For further reading and documentation see the [VEP manual](https://www.ensembl.org/info/docs/tools/vep/index.html)

### Reporting

#### MultiQC

[MultiQC](http://multiqc.info) is a visualization tool that generates a single HTML report summarizing all samples in your project.
Most of the pipeline QC results are visualised in the report and further statistics are available in the report data directory.
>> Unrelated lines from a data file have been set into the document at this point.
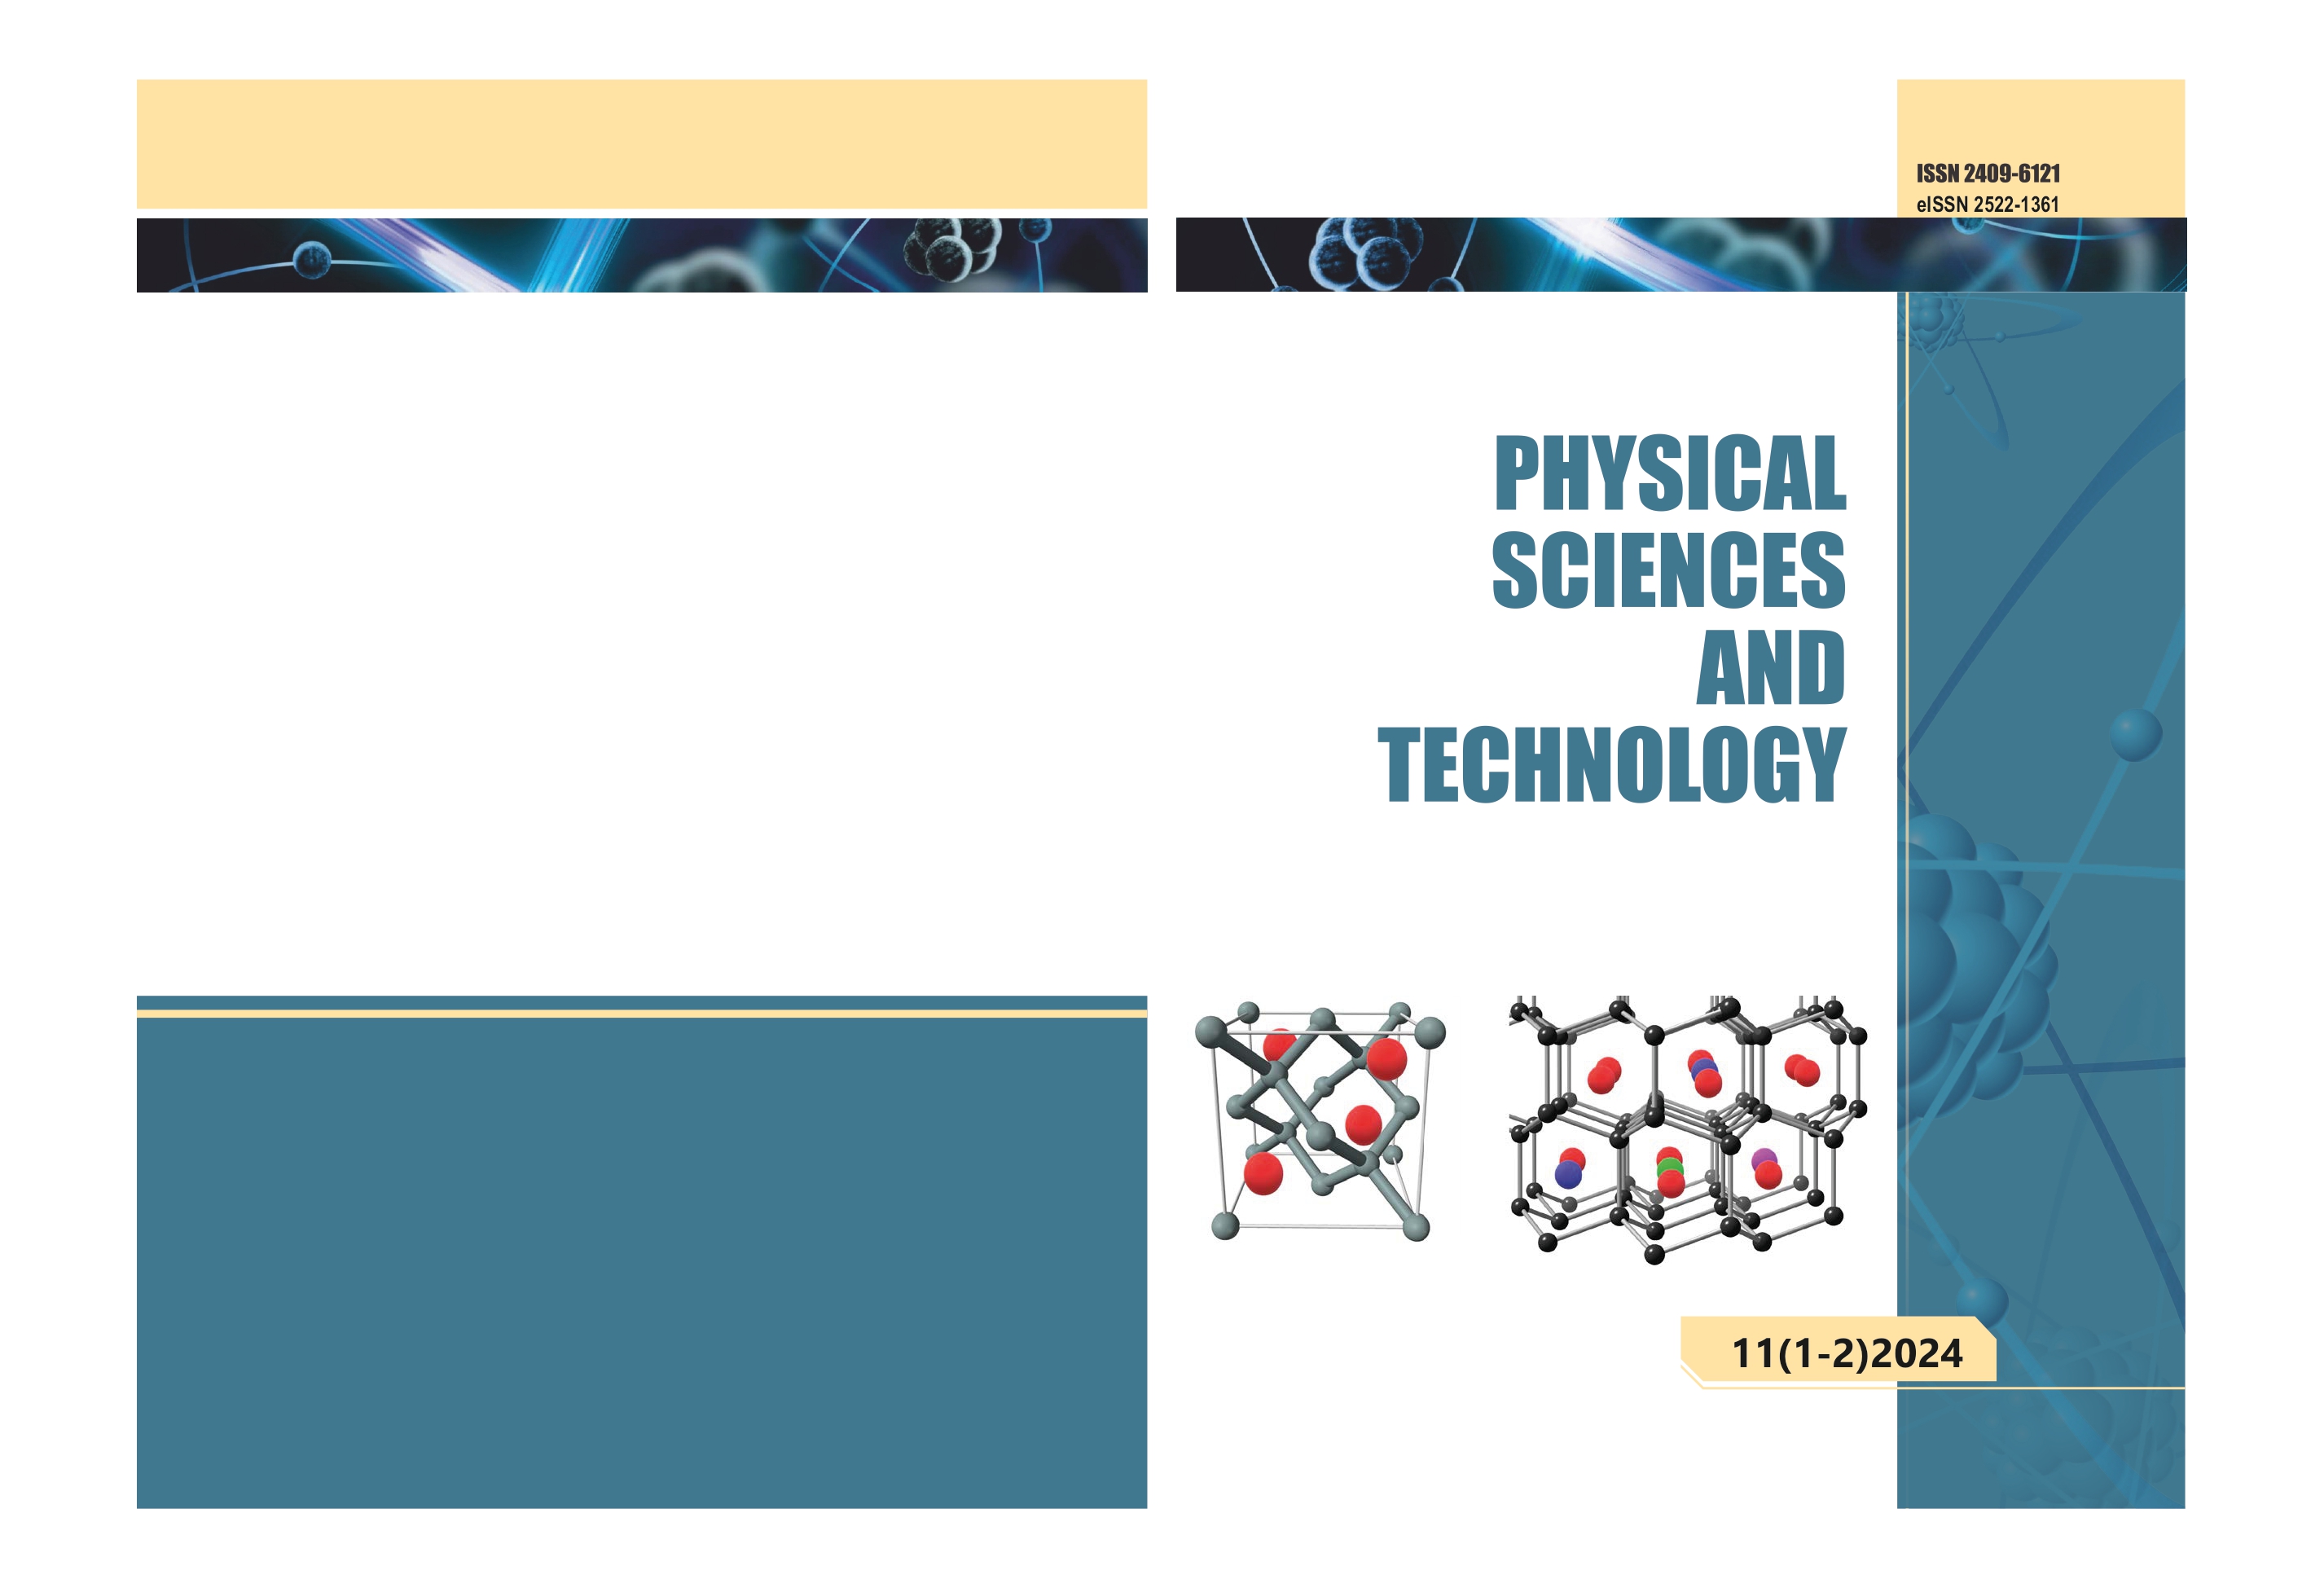 					View Vol. 11 No. 1-2 (2024): PHYSICAL SCIENCES AND TECHNOLOGY
				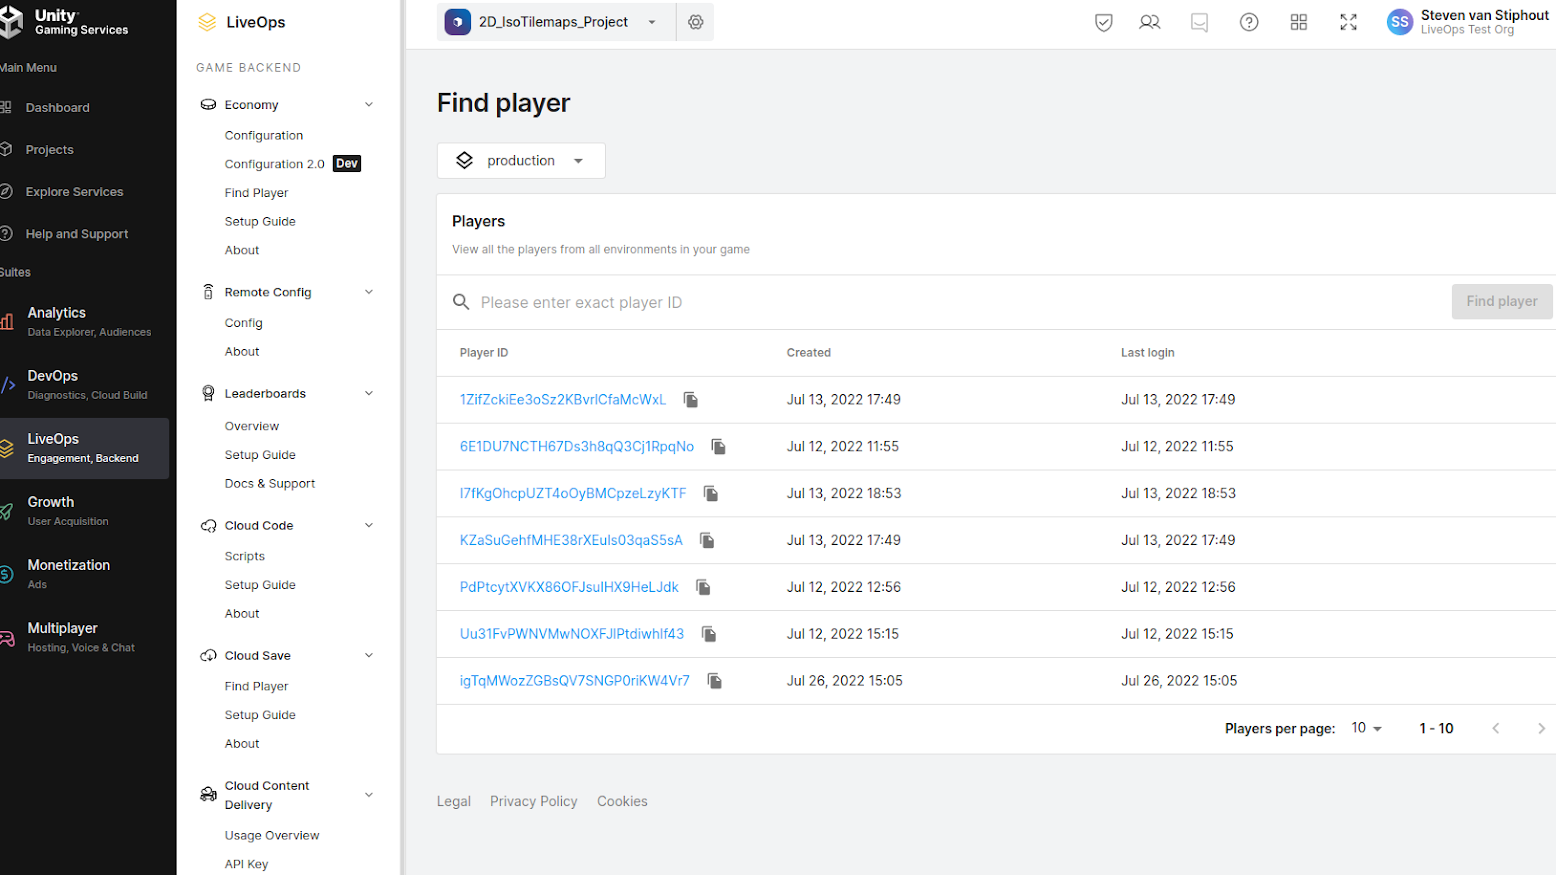 Backend player dashboard: "Find player" view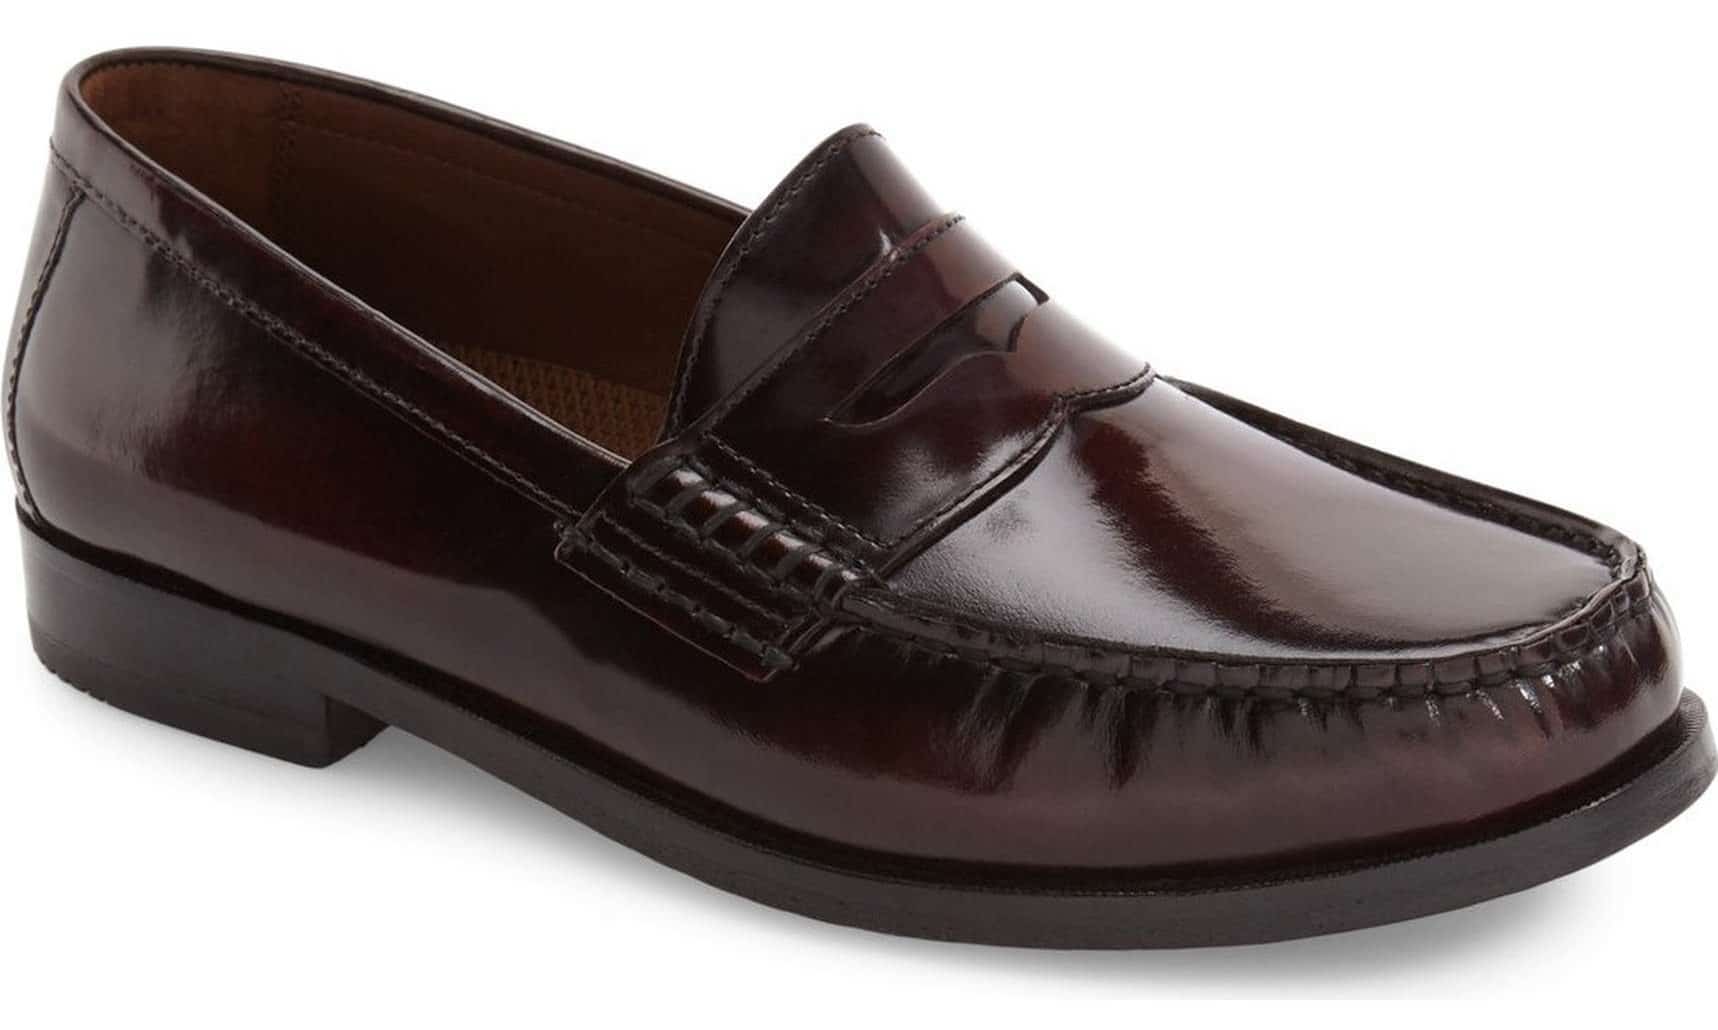 Best Loafers For Men 2017: Classic Penny Loafer in Burgundy Leather 2018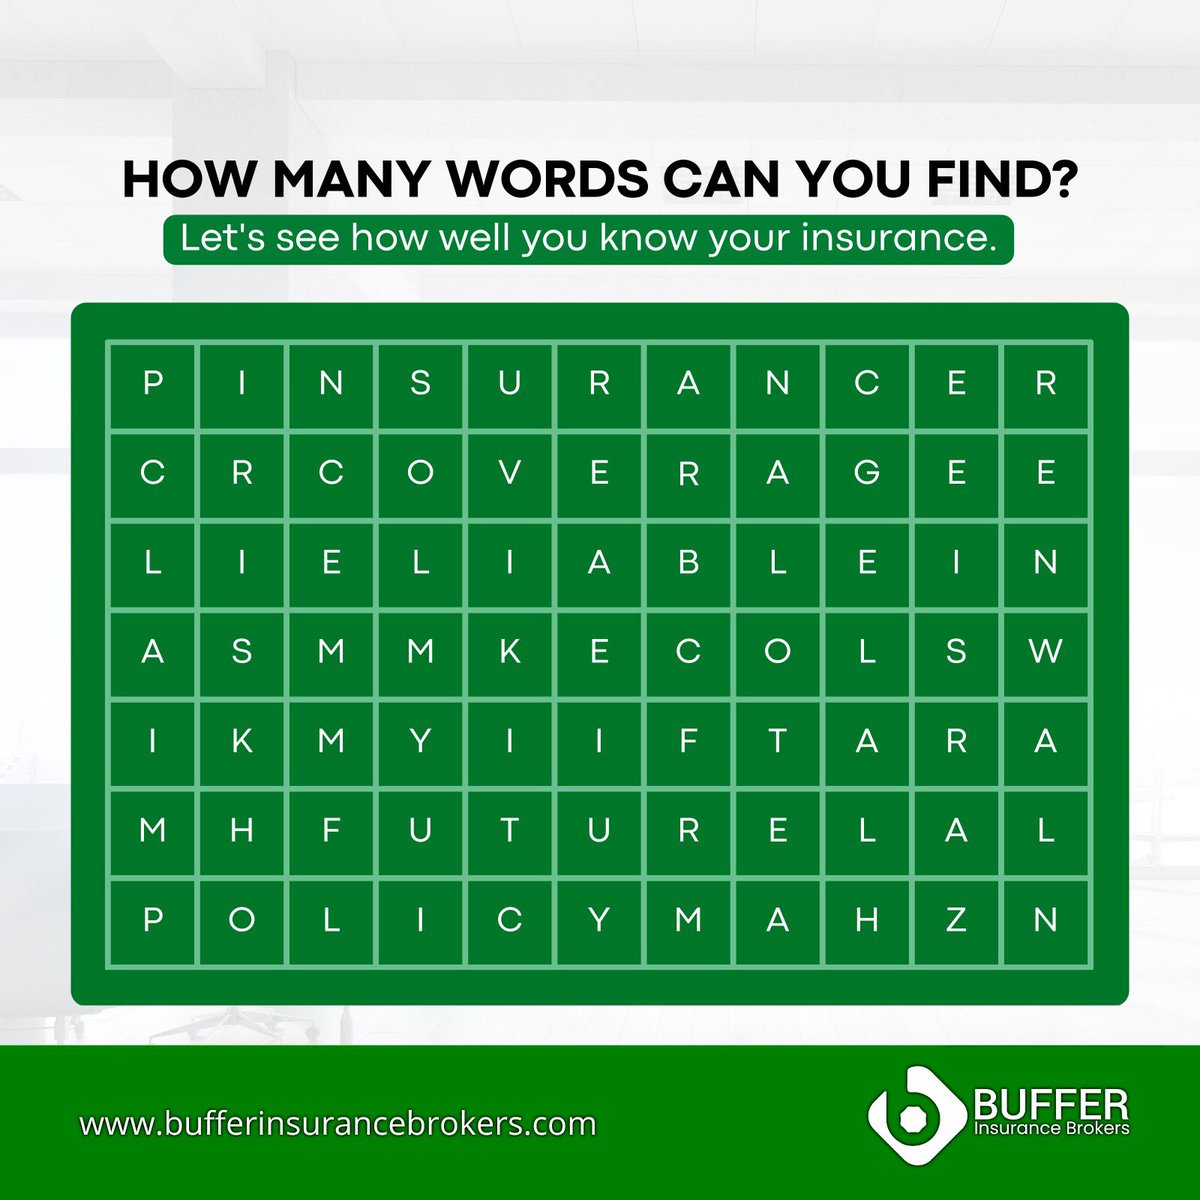 What words relating to insurance can you find?
Comment your searches below in the comment section. Let's go!

#InsurancePuzzle #RightFitInsurance #InsuranceHelp #PuzzleSolving #InsuranceAdvice #InsuranceExperts
#InsuranceOptions #InsuranceSolutions #Insurance

The pipeline has special steps which also allow the software versions to be reported in the `MultiQC` output for future traceability.

**Output files:**

- `multiqc/`  
  - `multiqc_report.html`
    - Standalone HTML file that can be viewed in your web browser
  - `multiqc_data/`
    - Directory containing parsed statistics from the different tools used in the pipeline
  - `multiqc_plots/`
    - Directory containing static images from the report in various formats

For more information about how to use `MultiQC` reports, see [https://multiqc.info](https://multiqc.info).

## Pipeline information

[Nextflow](https://www.nextflow.io/docs/latest/tracing.html) provides excellent functionality for generating various reports relevant to the running and execution of the pipeline. This will allow you to troubleshoot errors with the running of the pipeline, and also provide you with other information such as launch commands, run times and resource usage.

**Output files:**

- `pipeline_info/`
  - Reports generated by Nextflow: `execution_report.html`, `execution_timeline.html`, `execution_trace.txt` and `pipeline_dag.dot`/`pipeline_dag.svg`.
  - Reports generated by the pipeline: `pipeline_report.html`, `pipeline_report.txt` and `software_versions.csv`.
  - Documentation for interpretation of results in HTML format: `results_description.html`.